Advantages of an extraction-free PCR test
The Fluidigm COVID-19 diagnostic test uses an extraction-free workflow that confers multiple benefits:

  • Collection is performed using a sterile tube with no preservatives—a significantly less costly option than other collection devices.
  • The elimination of an extraction step mitigates supply chain constraints and makes the test more economical.
  • The test requires less than 100µL of saliva, reducing sample rejection rates.
  • The test kit is manufactured and distributed under the Fluidigm quality system, which also offers dedicated customer support.

PCR test vs. a rapid antigen test
Antigen tests, though rapid, detect only small pieces of the virus and cannot make more copies of the targets they are designed to detect. Sensitivity is therefore limited by the original amount of target material present within the sample. By comparison, the PCR process targets one or more viral genome segments that can be readily amplified to boost sensitivity. For this reason, molecular PCR testing methods statistically outperform antigen testing on sensitivity6 and the CDC calls the molecular test the gold standard for clinical diagnostic detection of SARS-CoV-2.

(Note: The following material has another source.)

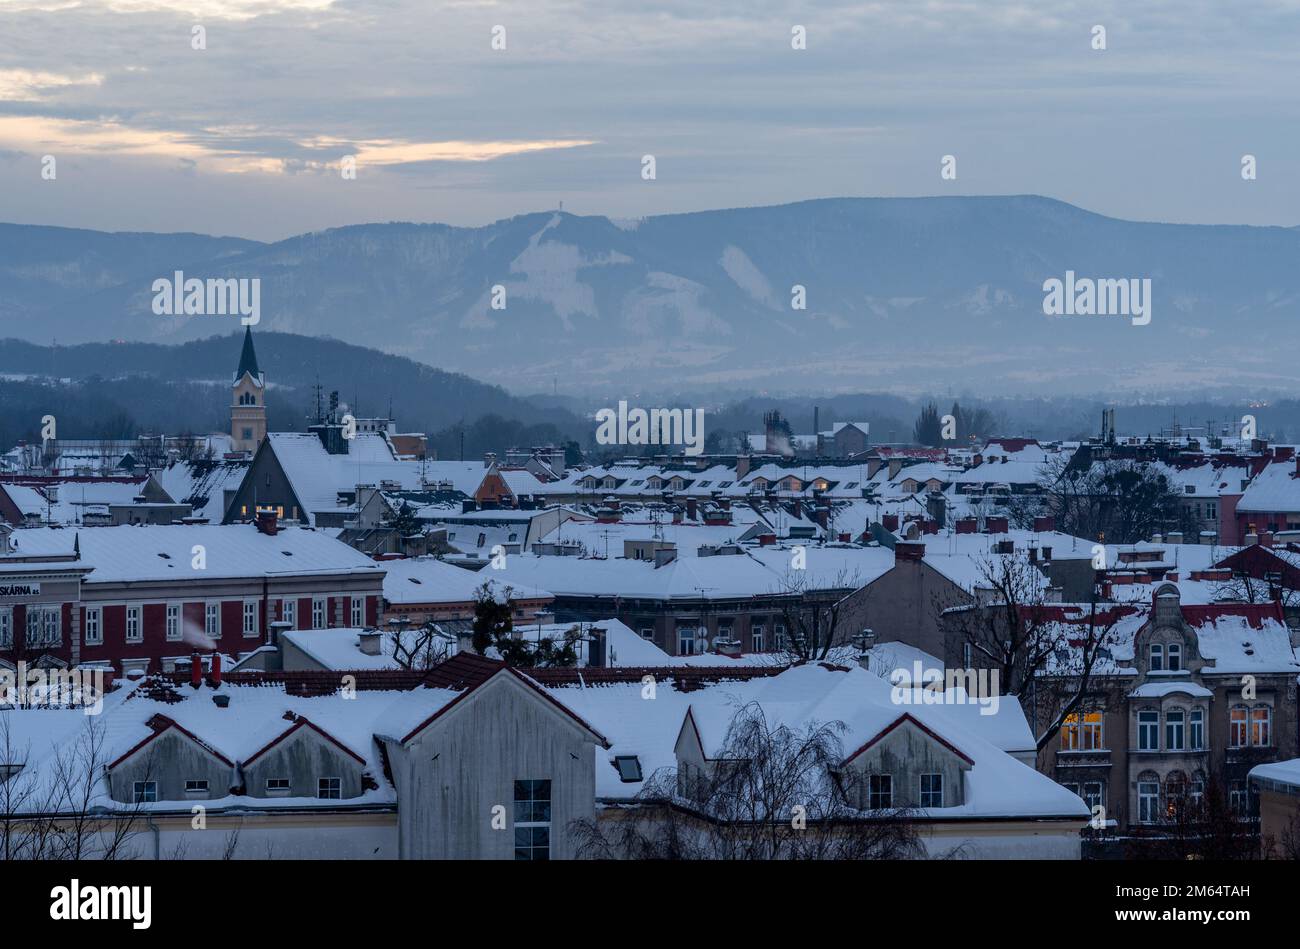 Townscape of Cesky Tesin, Moravian silesian region, Czech Republic, snow covered roofs and beskid mountains in the background Stock Photo

As antigen tests are less sensitive than most PCR-based tests such as the Fluidigm PCR test, they have a higher false negative rate. For this reason, according to FDA guidance, if you test negative with an antigen test, a molecular test may be prescribed by your health care provider to confirm the result.

* Actual results may vary based upon the following factors, including but not limited to laboratory processes, workflows, equipment and the number of operators.

References:
  1. Wyllie, A.L., Fournier J., Casanovas-Massana, A. et al. “Saliva or nasopharyngeal swab specimens for detection of SARS-CoV-2.” New England Journal of Medicine (2020): 1,283–6.
  2. Hanson, K.E., Barker, A.P., Hillyard, D.R. N. et al. “Self-collected anterior nasal and saliva specimens versus health care worker-collected nasopharyngeal swabs for the molecular detection of SARS-CoV-2.” Journal of Clinical Microbiology (2020): e01824-20.
  3. Rao M., Rashid F.A., Sabri F.S.A.H. et al. “Comparing nasopharyngeal swab and early morning saliva for the identification of SARS-CoV-2.” Clinical Infectious Diseases (2020): ciaa1156.
  4. Teo, A.K.J., Choudhury, Y., Tan, L.B. et al. “Validation of saliva and self-administered nasal swabs for COVID-19 testing.” MedRxiv (2020): doi:2020.08.13.20173807.
  5. Kojima, N., Turner, F., Slepnev, V. et al. “Self-collected oral fluid and nasal swabs demonstrate comparable sensitivity to clinician collected nasopharyngeal swabs for Covid-19 detection.” MedRxiv (2020): doi:2020.04.11.20062372.
  6. Scohy, A., Anantharajah, A., Bodeus, M. et al. “Low performance of rapid antigen detection test as frontline testing for COVID-19 diagnosis.” Journal of Clinical Virology (2020): 104455.